La macchina organizzativa è già in moto e il conto alla rovescia è ufficialmente partito. La conferenza stampa di presentazione della 77ª Fiera Nazionale del Peperone di Carmagnola si è tenuta nella cornice d’eccezione del Museo Fondazione Accorsi-Ometto di Torino, dove istituzioni, enti organizzatori e direzione artistica si sono riuniti per svelare al pubblico le novità e gli obiettivi di questa nuova edizione. L’evento è in programma dal 28 agosto al 6 settembre 2026, dieci giorni densi di appuntamenti che promettono di richiamare visitatori da tutta Italia e non solo.
La Fiera si conferma, ancora una volta, come uno degli appuntamenti più significativi del calendario agroalimentare italiano, capace di mettere insieme produttori agricoli, chef, ristoratori, artisti e appassionati attorno a un prodotto che è diventato simbolo identitario di un intero territorio. Il Comune di Carmagnola guida il progetto come capofila, in stretta collaborazione con le associazioni locali, gli enti regionali e i partner istituzionali, in un esempio virtuoso di sinergia che raramente si vede in manifestazioni di questo tipo.
A fare il punto sulla portata strategica dell’evento è stato il presidente della Regione Piemonte Alberto Cirio, insieme agli assessori Paolo Bongioanni e Andrea Tronzano, che in una nota congiunta hanno sottolineato come la Fiera rappresenti oggi “un modello esemplare della capacità tutta piemontese di unire il racconto di un’eccellenza agroalimentare del territorio con il coinvolgimento a 360° del suo tessuto economico e sociale”. Un approccio, hanno aggiunto, del tutto contemporaneo, pensato per raggiungere pubblici di tutte le generazioni, con l’obiettivo di promuovere turisticamente ed economicamente un territorio ricco di storia, cultura e bellezza.

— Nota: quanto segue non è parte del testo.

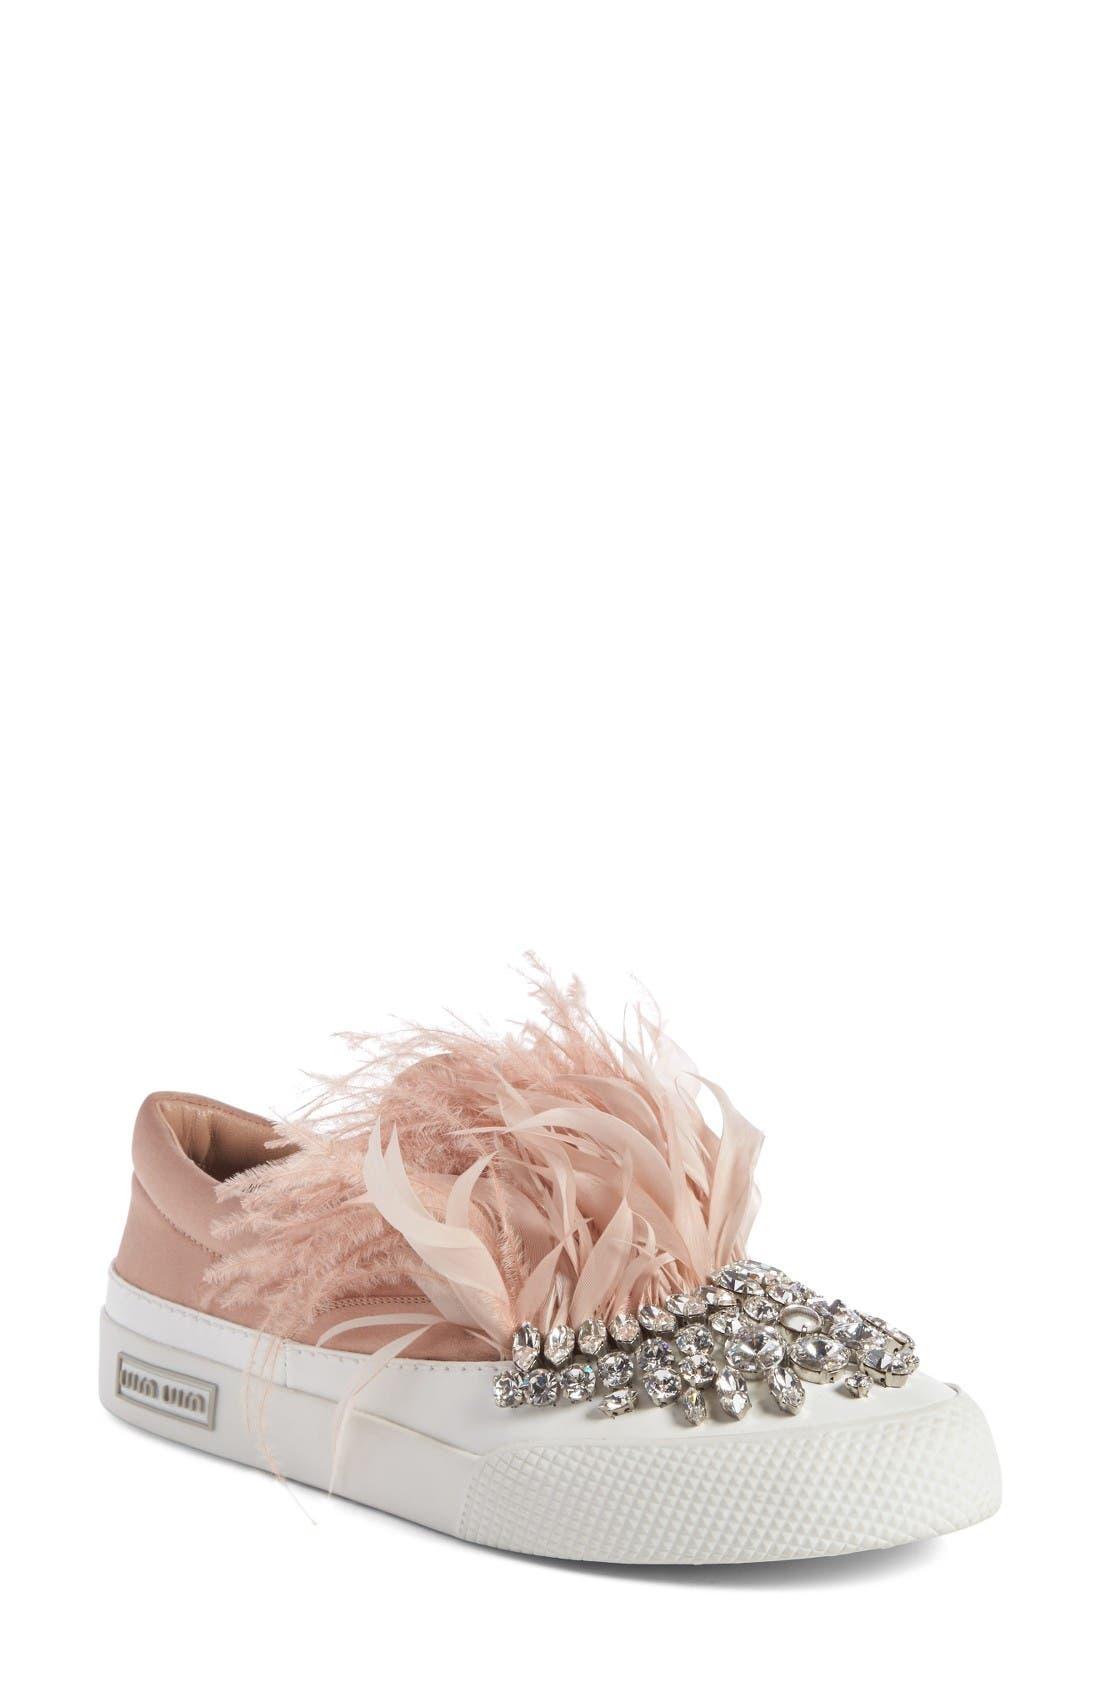 Alternate Image 1 Selected - Miu Miu Embellished Feather Slip-On Sneaker (Women)

La 77ª edizione non si limita a celebrare il passato: guarda con decisione al futuro, cercando di costruire un ponte solido tra la tradizione contadina e le esigenze di un pubblico sempre più variegato e digitalmente connesso. Il programma prevede show-cooking, talk con ospiti del mondo dei media e influencer del web, installazioni artistiche, concerti e contest, a testimonianza di una formula che sa evolversi senza perdere la propria anima. “Un approccio del tutto contemporaneo”, come lo hanno definito dalla Regione, capace di parlare ai giovani senza dimenticare chi ha costruito questa tradizione nel tempo.

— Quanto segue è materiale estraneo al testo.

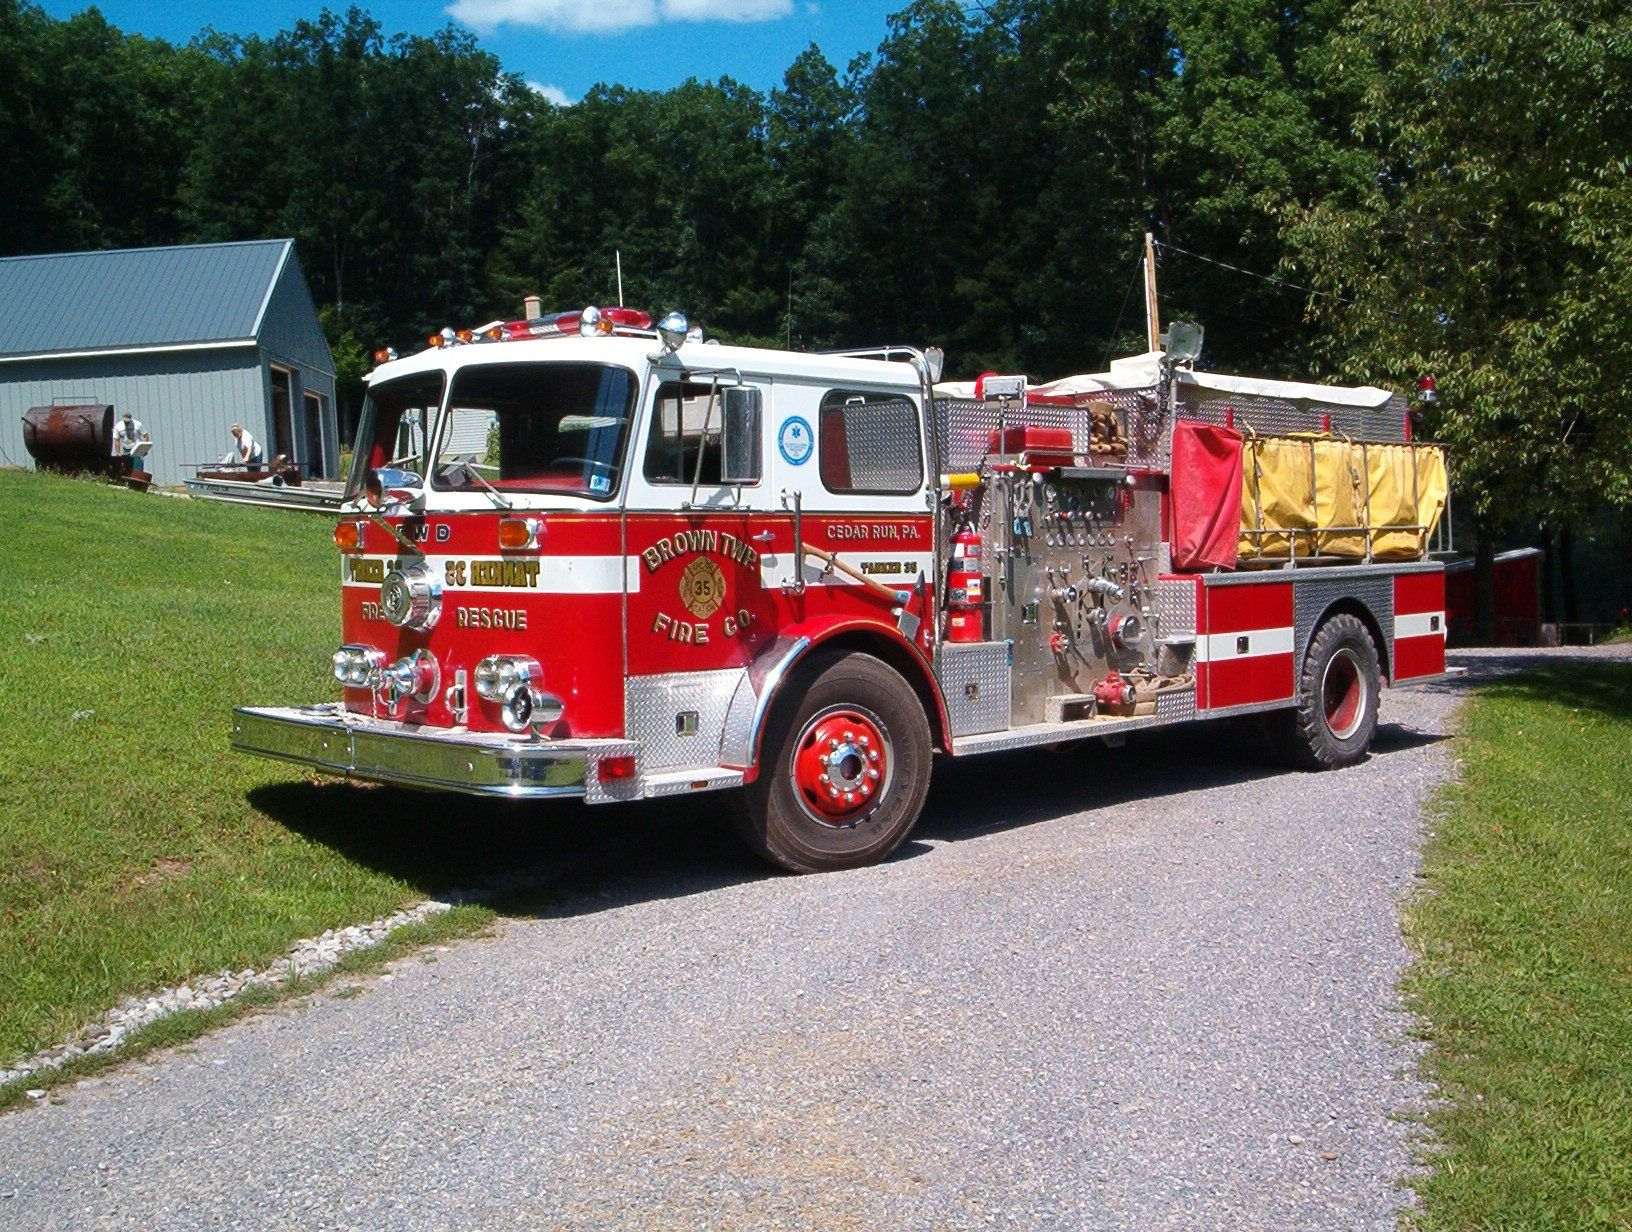 Pin By Bob On Fire Apparatus Fire Trucks Fire Rescue Fire

Sul fronte agricolo, le parole del presidente del Consorzio del Peperone di Carmagnola, Domenico Tuninetti, hanno portato un tocco di concretezza e di umanità alla conferenza stampa. Tuninetti ha raccontato una stagione produttiva che, nonostante le difficoltà — tra cui un tornado che ha devastato alcune serre — sta andando avanti con determinazione: “Noi continuiamo a produrre nonostante le difficoltà, e speriamo che i giovani domani possano sostituirci e che non si perda questa opportunità”. Parole che ricordano quanto dietro a ogni peperone ci sia un lavoro fatto di fatica, passione e resilienza, e quanto il cambiamento climatico stia diventando una sfida sempre più concreta per chi lavora la terra.

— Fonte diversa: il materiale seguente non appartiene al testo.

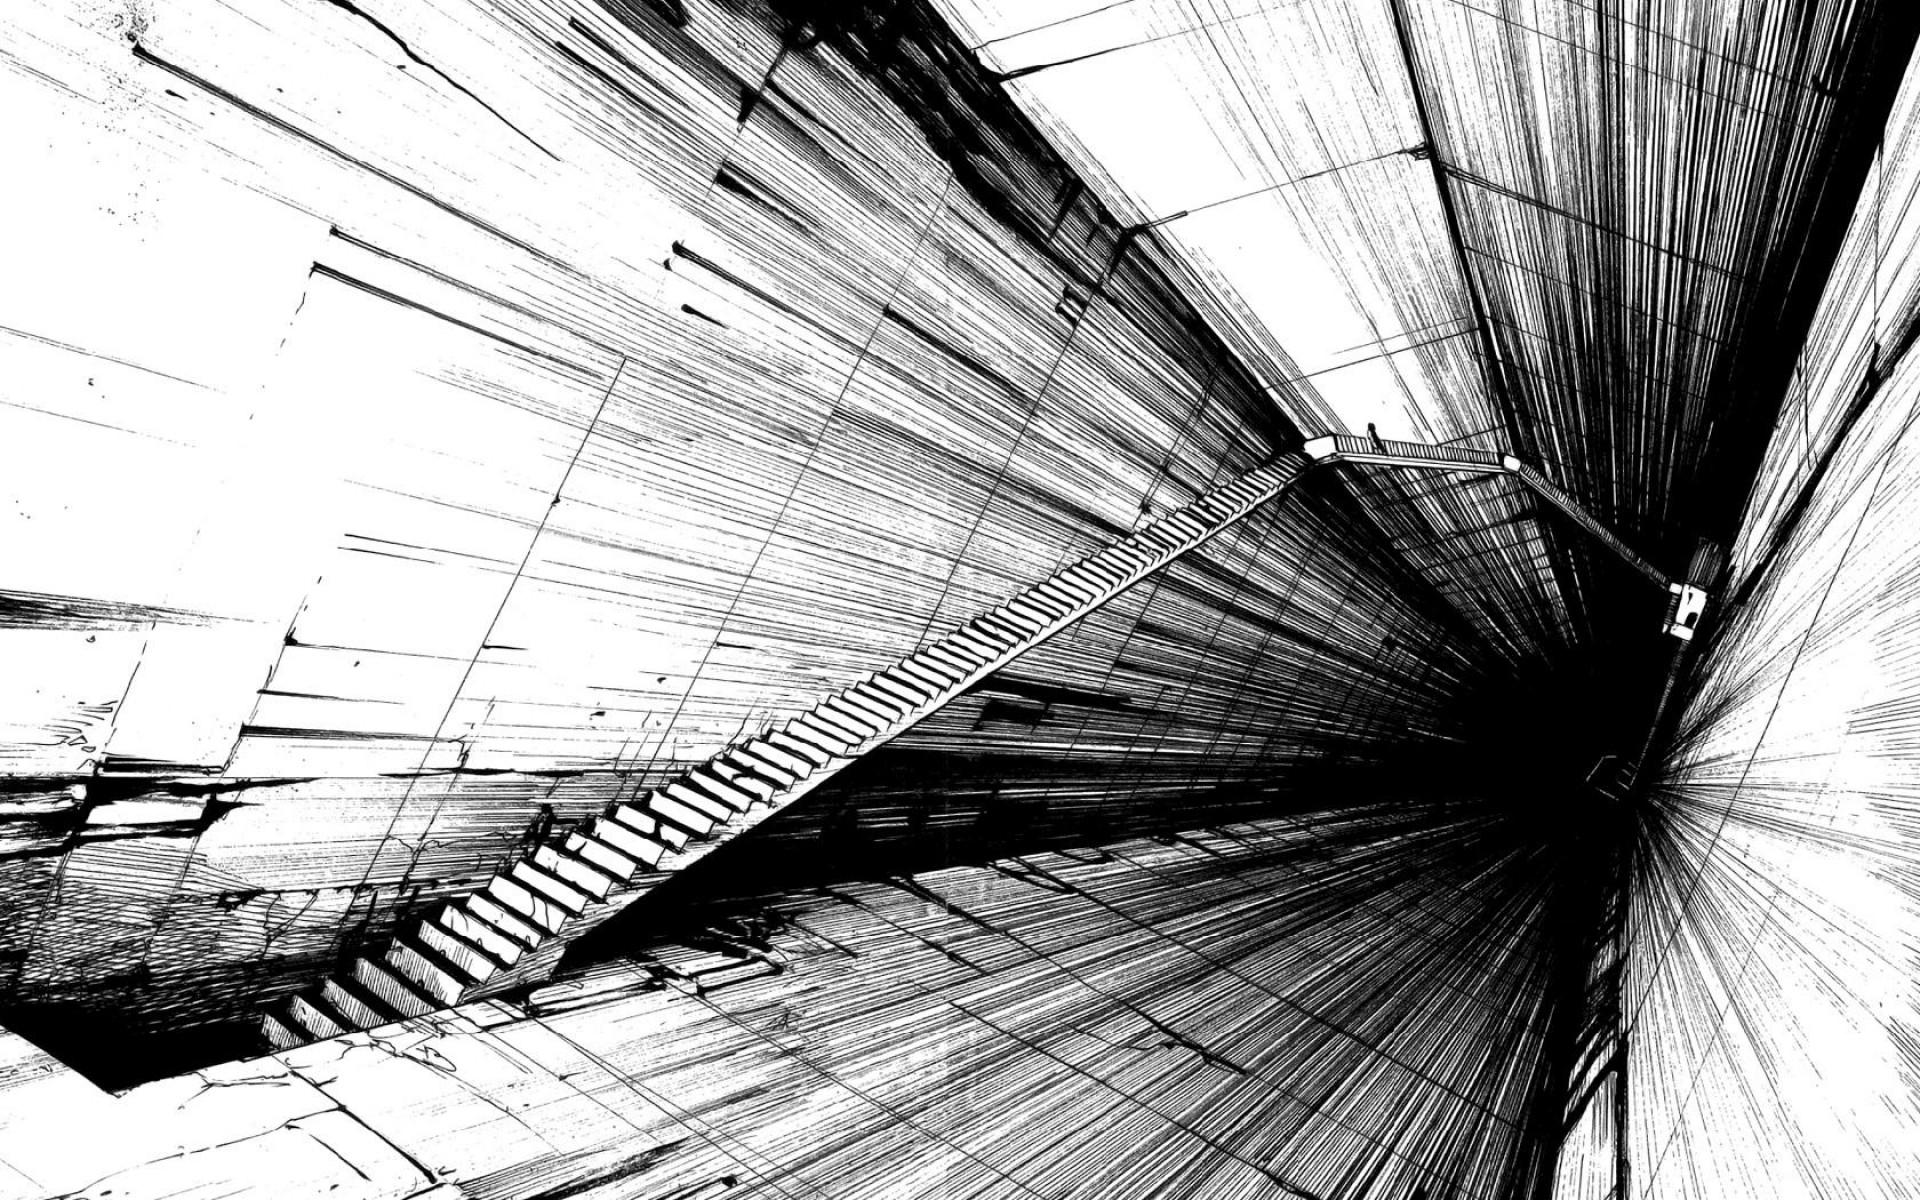 Dark Abstract Clipart 1920x1080.

Tra le novità di questa edizione spicca anche la presenza della Fondazione Allegra Agnelli per la ricerca sul cancro di Candiolo come charity partner ufficiale, in un anno particolarmente significativo per l’istituzione, che celebra i suoi 40 anni di attività. “È un onore essere charity partner della fiera”, ha dichiarato Andrea Bettarelli, responsabile della comunicazione della Fondazione, sottolineando come questa partnership rappresenti un rinnovato impegno nella missione della Fondazione. Un segnale importante: la Fiera del Peperone non è solo festa e gastronomia, ma anche occasione per fare del bene e sensibilizzare su temi che toccano da vicino la comunità.